[AIM OF THE EXERCISE]
The copy must match the data word for word and contain no pictures.

[DATA SHOWN]
=== Section Start ===
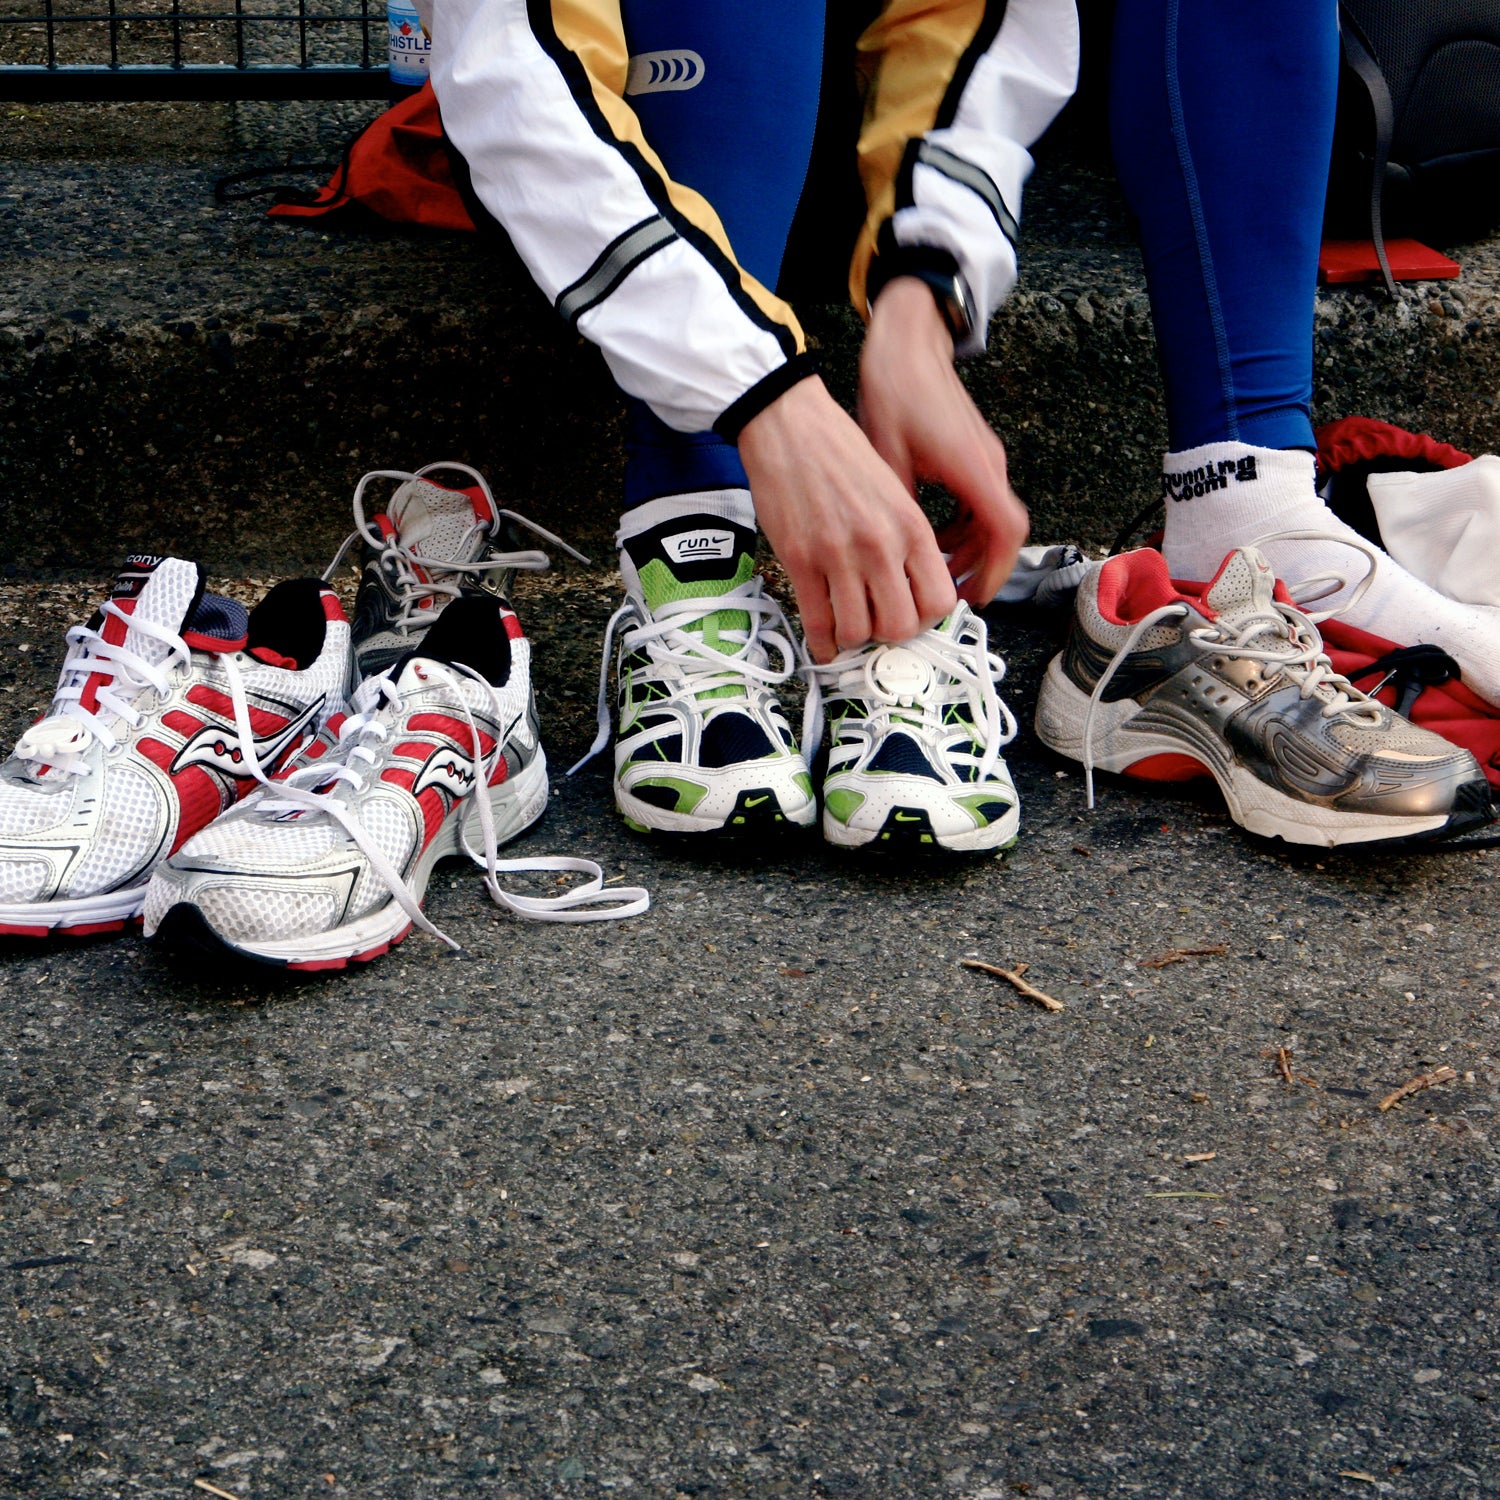 When Should You Use Elastic Shoelaces? – Triathlete
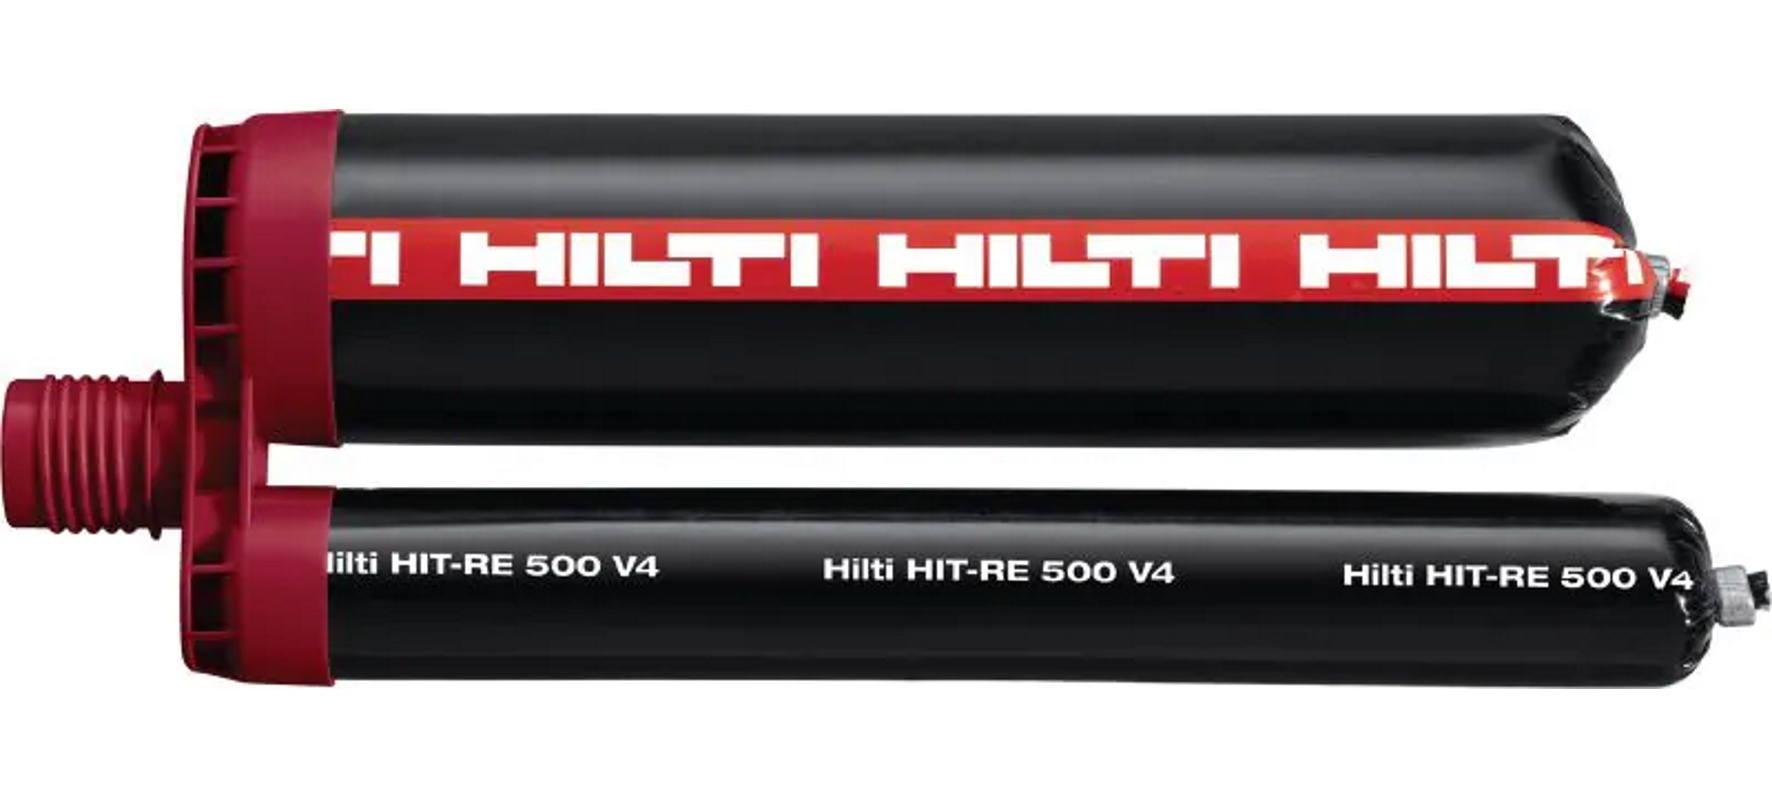 Химический анкер Хилти HIT-RE 500 V4/500 объём 0.5л
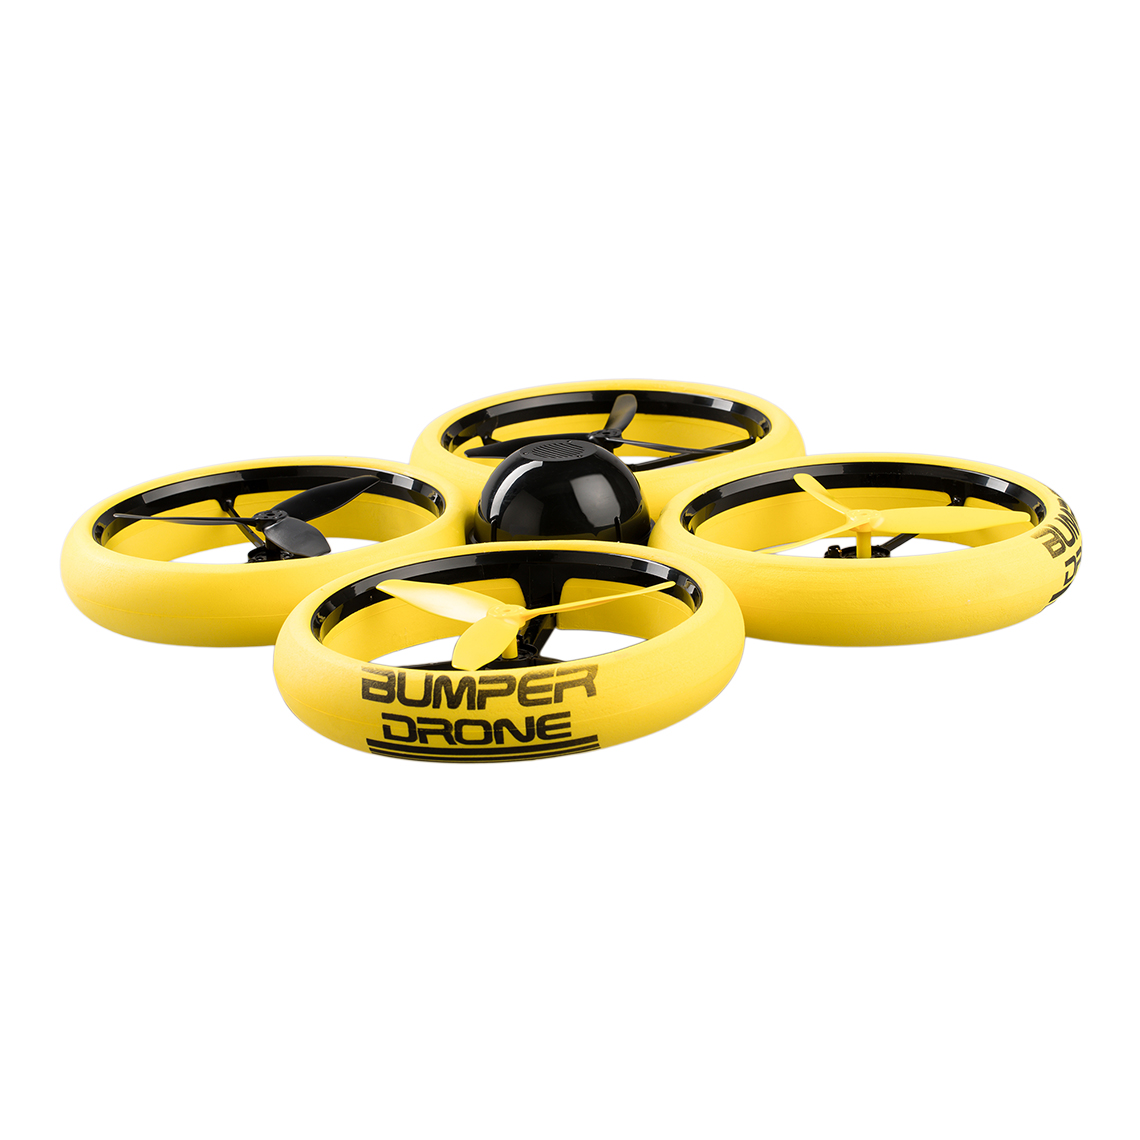 FLYBOTIC Bumper Drone – Silverlit
=== Section End ===
[THE ANSWER]
 When Should You Use Elastic Shoelaces? – Triathlete
 Химический анкер Хилти HIT-RE 500 V4/500 объём 0.5л
 FLYBOTIC Bumper Drone – Silverlit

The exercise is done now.